Pre-Existing Diabetes Limits Survival Rate After Immune Checkpoint Inhibitor Treatment for Advanced Lung Cancer: A Retrospective Study in Japan
Received 29 October 2020
Accepted for publication 11 January 2021
Published 22 February 2021 Volume 2021:14 Pages 773—781
Checked for plagiarism Yes
Review by Single anonymous peer review
Peer reviewer comments 2
Editor who approved publication: Prof. Dr. Juei-Tang Cheng
Kaori Hisanaga,1 Hiroshi Uchino,1 Naoko Kakisu,1 Masahiko Miyagi,1 Fukumi Yoshikawa,1 Genki Sato,1 Kazutoshi Isobe,2 Kazuma Kishi,2 Sakae Homma,3 Takahisa Hirose1
1Division of Diabetes, Metabolism and Endocrinology, Department of Medicine, Toho University Graduate School of Medicine, Tokyo, Japan; 2Department of Respiratory Medicine, Toho University Graduate School of Medicine, Tokyo, Japan; 3Department of Advanced and Integrated Interstitial Lung Disease Research, School of Medicine, Toho University, Tokyo, Japan
Correspondence: Hiroshi Uchino
Division of Diabetes, Metabolism and Endocrinology, Department of Medicine, Toho University Graduate School of Medicine, 6-11-1 Omori-Nishi, Ota-Ku, Tokyo, 143-8541, Japan
Background: Although immune checkpoint inhibitors (ICIs) are promising in the treatment of advanced cancer, their use is associated with immune-related adverse events (irAEs) that affect endocrine organ systems. Although development of irAEs was associated with improved cancer-specific survival, the risk of irAEs is unclear. We investigated the association of pre-ICI comorbidities—including diabetes—with irAEs, overall survival (OS), and progression-free survival (PFS) in advanced lung cancer.
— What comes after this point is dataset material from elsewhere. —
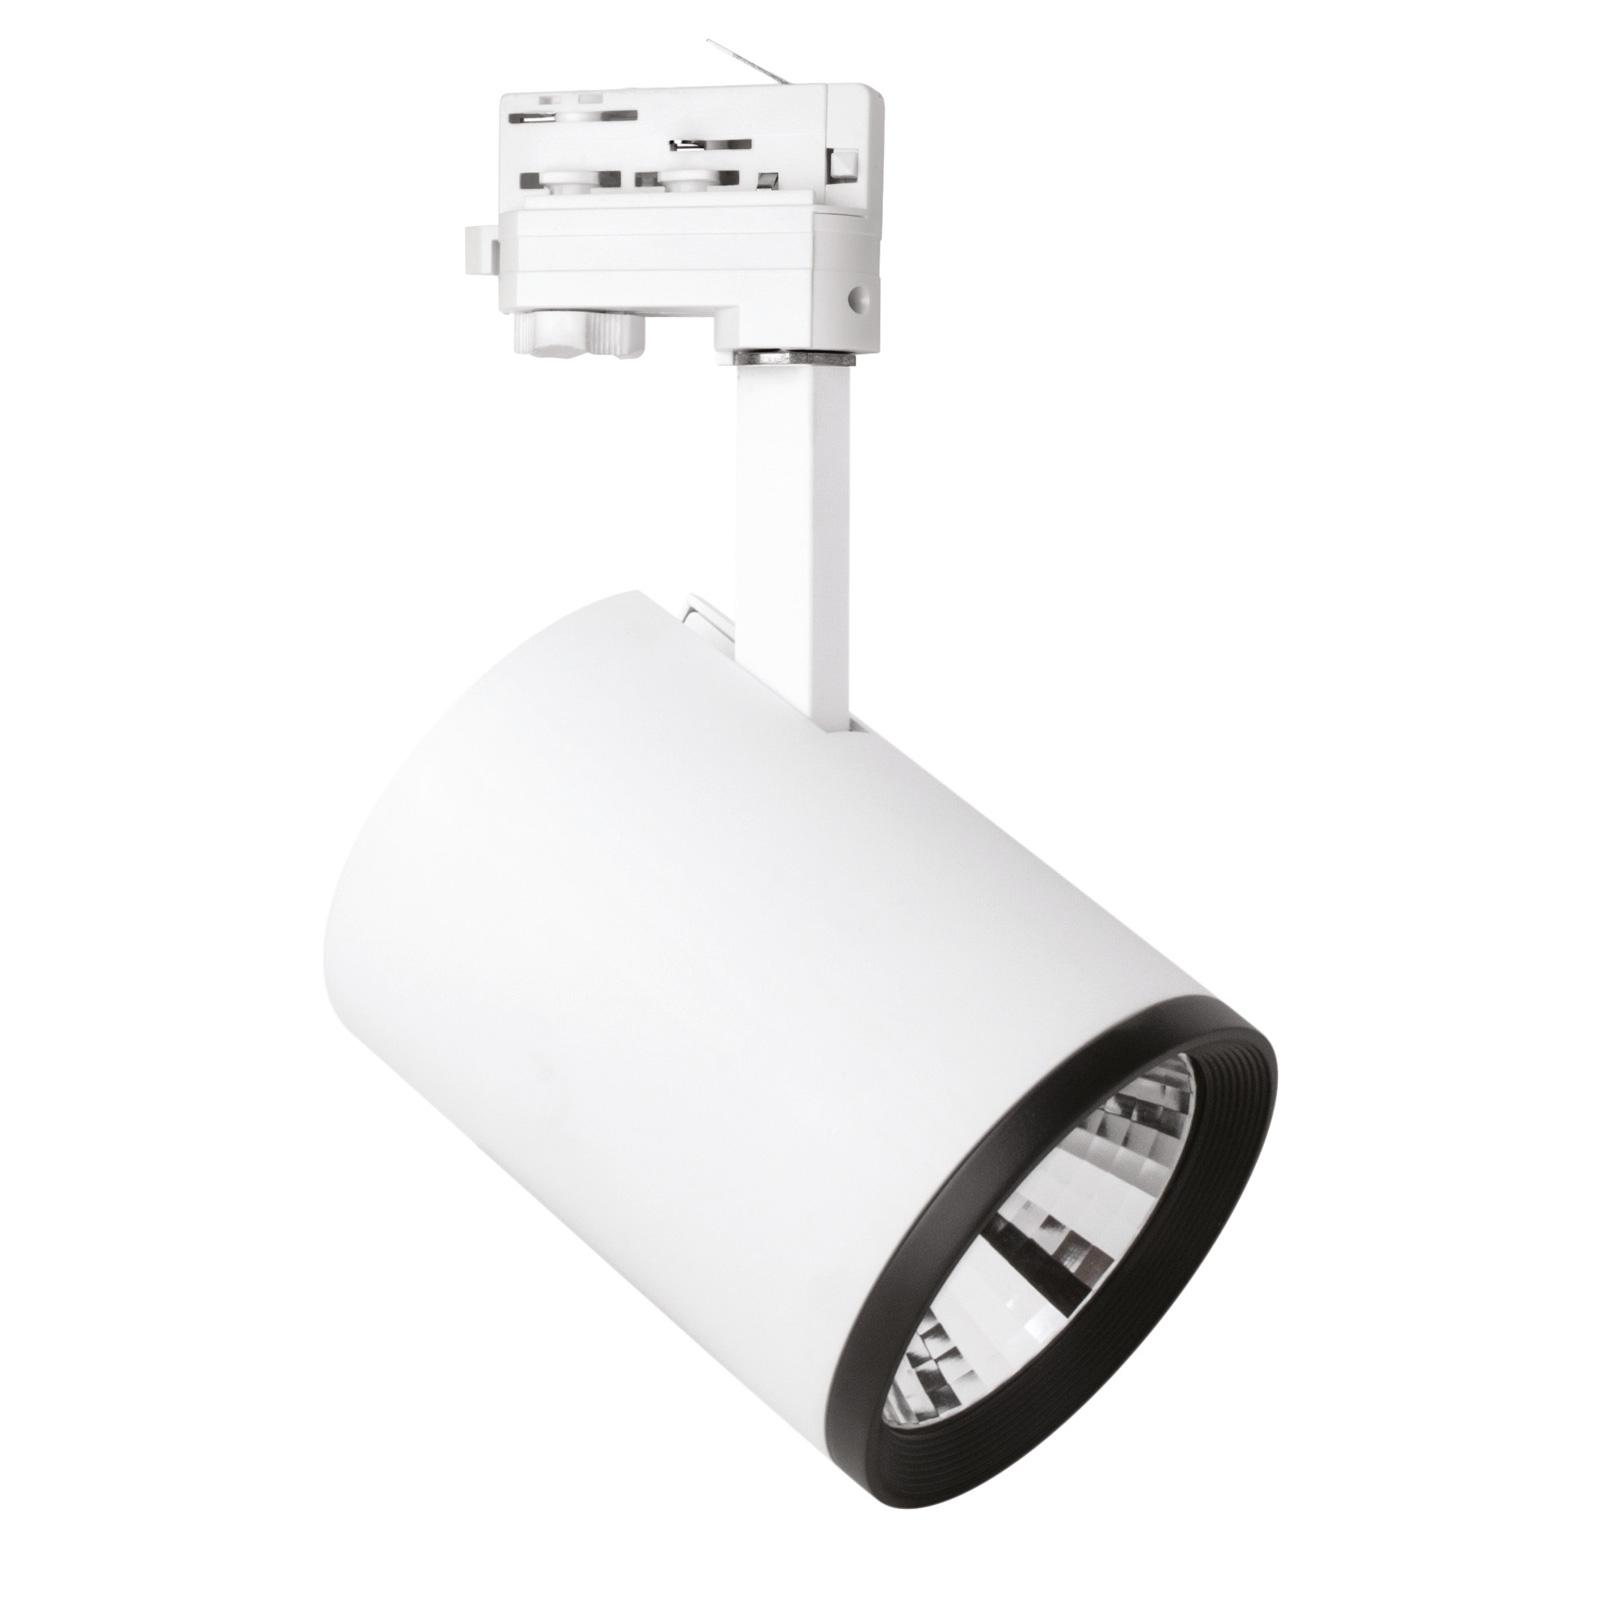 LED-Spot Marco für 3-Phasen-Schiene weiß 3.000K

Methods: Patients with lung cancer who were treated with ICIs during the period from September 1, 2015 through July 31, 2018 were retrospectively enrolled. All data were collected from the NEPTUNE database of university patients. Hazard ratios were estimated by using Cox regression weighted for propensity scores. Odds ratios were calculated by logistic regression and adjusted for unbalanced variables. The Kaplan–Meier method was used to compare OS, and the generalized Wilcoxon test was used to compare median survival.
Results: Among the 88 patients identified, 22 (25.0%) had diabetes (DM) before ICI treatment and 57 (75.0%) did not (non-DM); irAEs developed in 12.2% of patients with DM and in 9.1% of patients in non-DM (p=0.87). Diabetes status was not associated with irAE risk in relation to baseline characteristics (age, sex, TNM staging, thyroid and renal function) or in propensity score–matched analysis (age, TNM staging). During a mean follow-up of 30 months, OS and cancer-specific PFS were significantly higher in patients who developed irAEs (Kaplan–Meier estimates, p=0· 04 and 0· 03, respectively). In propensity score–matched analysis, diabetes was significantly associated with lower OS (multivariate hazard ratio, 0· 36; 95% CI, 0· 13– 0· 98) unrelated to irAEs. Irrespective of irAEs, PFS was also lower among patients with DM than among non-DM patients (Kaplan–Meier estimate, p=0· 04).
Conclusion: Pre-existing diabetes was associated with higher mortality in advanced lung cancer, regardless of irAE development during treatment with ICI.
Keywords: immune checkpoint inhibitor, diabetes, overall survival, progression-free survival
- Although immune checkpoint inhibitor (ICI) treatment yields satisfactory outcomes for advanced cancer, immune-related adverse events (irAEs) are still concern.
- Development of irAEs was associated with better cancer-specific survival outcomes; however, the risk factors are not well understood.
- This study investigated pre-ICI comorbidities, including diabetes, that are potentially associated with irAE rates. However, pre-existing diabetes has shorter overall and progression-free survival in advanced lung cancer, despite no relation to irAEs.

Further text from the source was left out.